Repeat the data that follows in full. Do not include the pictures.

AVAILABLE DATA
<<<<
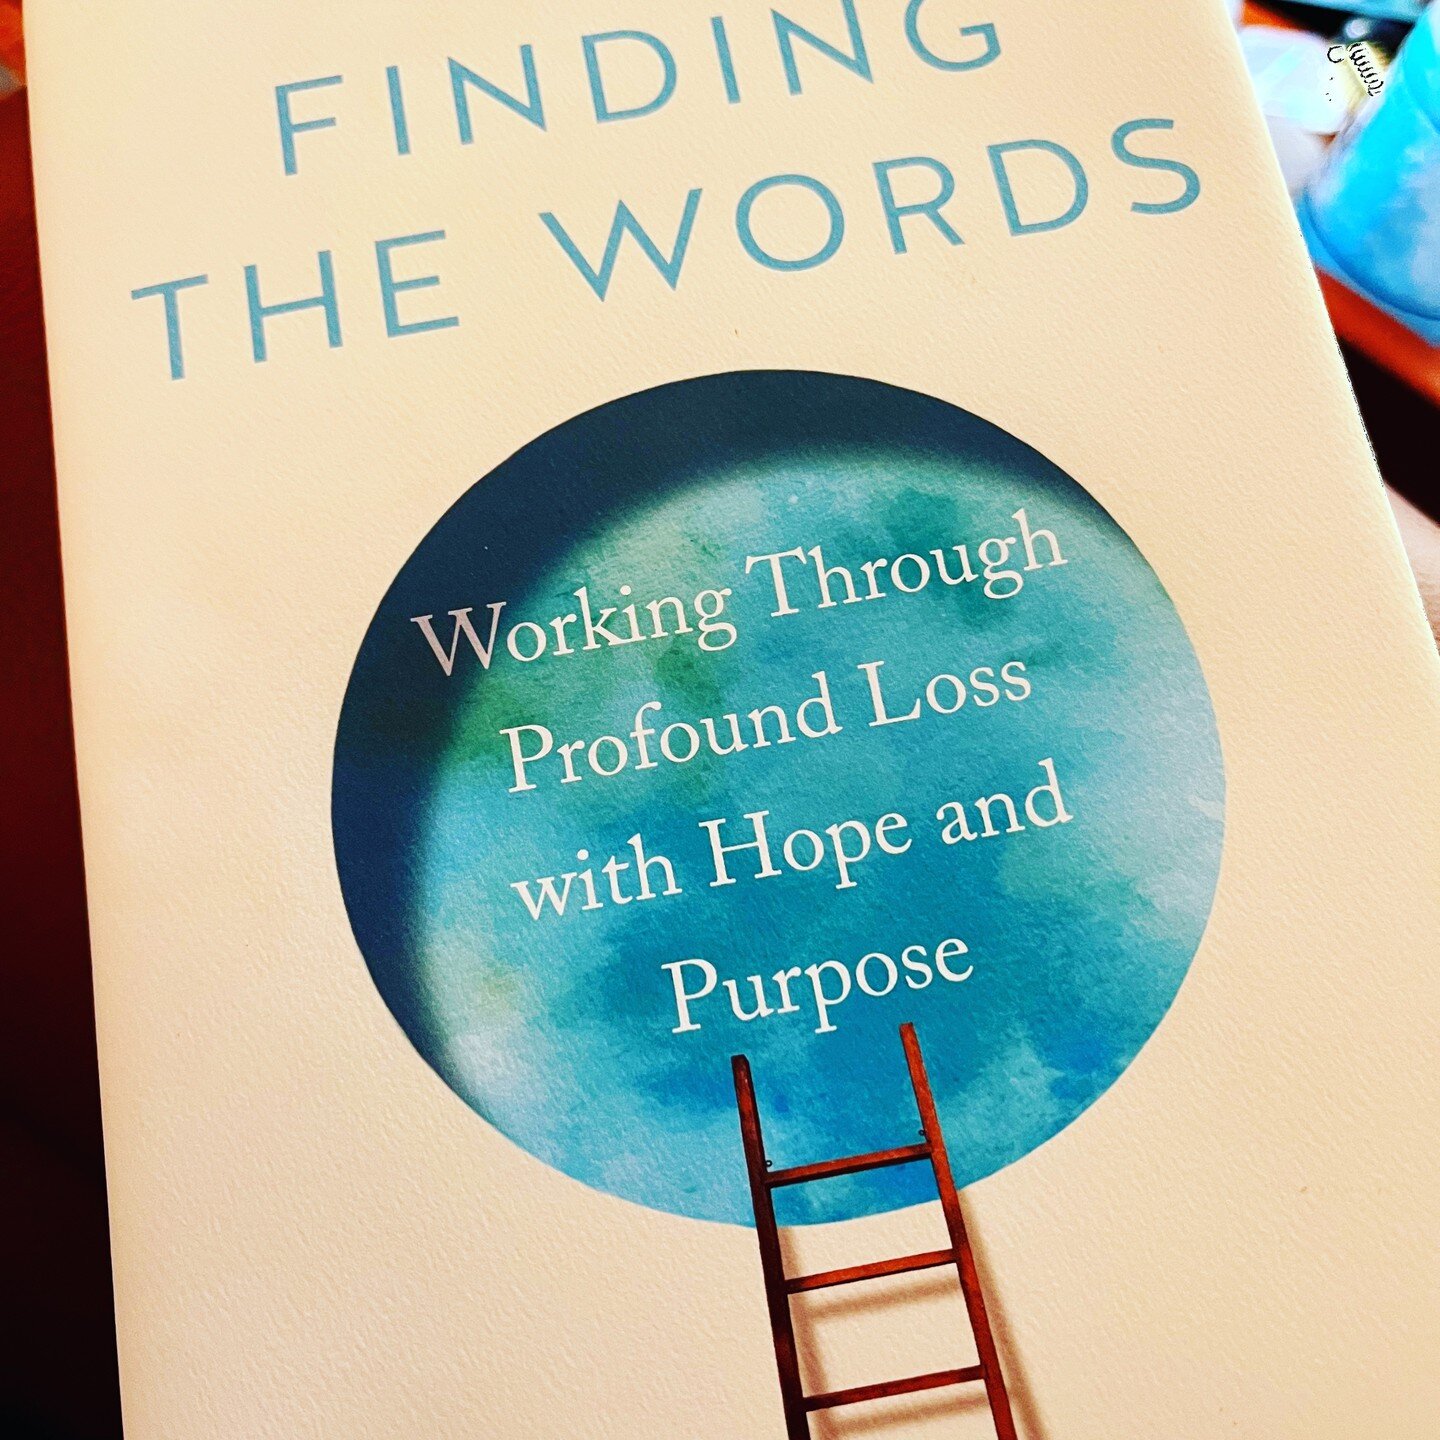 Navigating a path forward through the uncharted territory of child loss grief deserves company and community!

&quot;Finding the Words: Working Through Profound Loss with Hope and Purpose&quot; by @colincampbellwriter

#whatimreading 
#childlossgrief
>>>>
SOLVED EXERCISE
 Navigating a path forward through the uncharted territory of child loss grief deserves company and community!

&quot;Finding the Words: Working Through Profound Loss with Hope and Purpose&quot; by @colincampbellwriter

#whatimreading 
#childlossgrief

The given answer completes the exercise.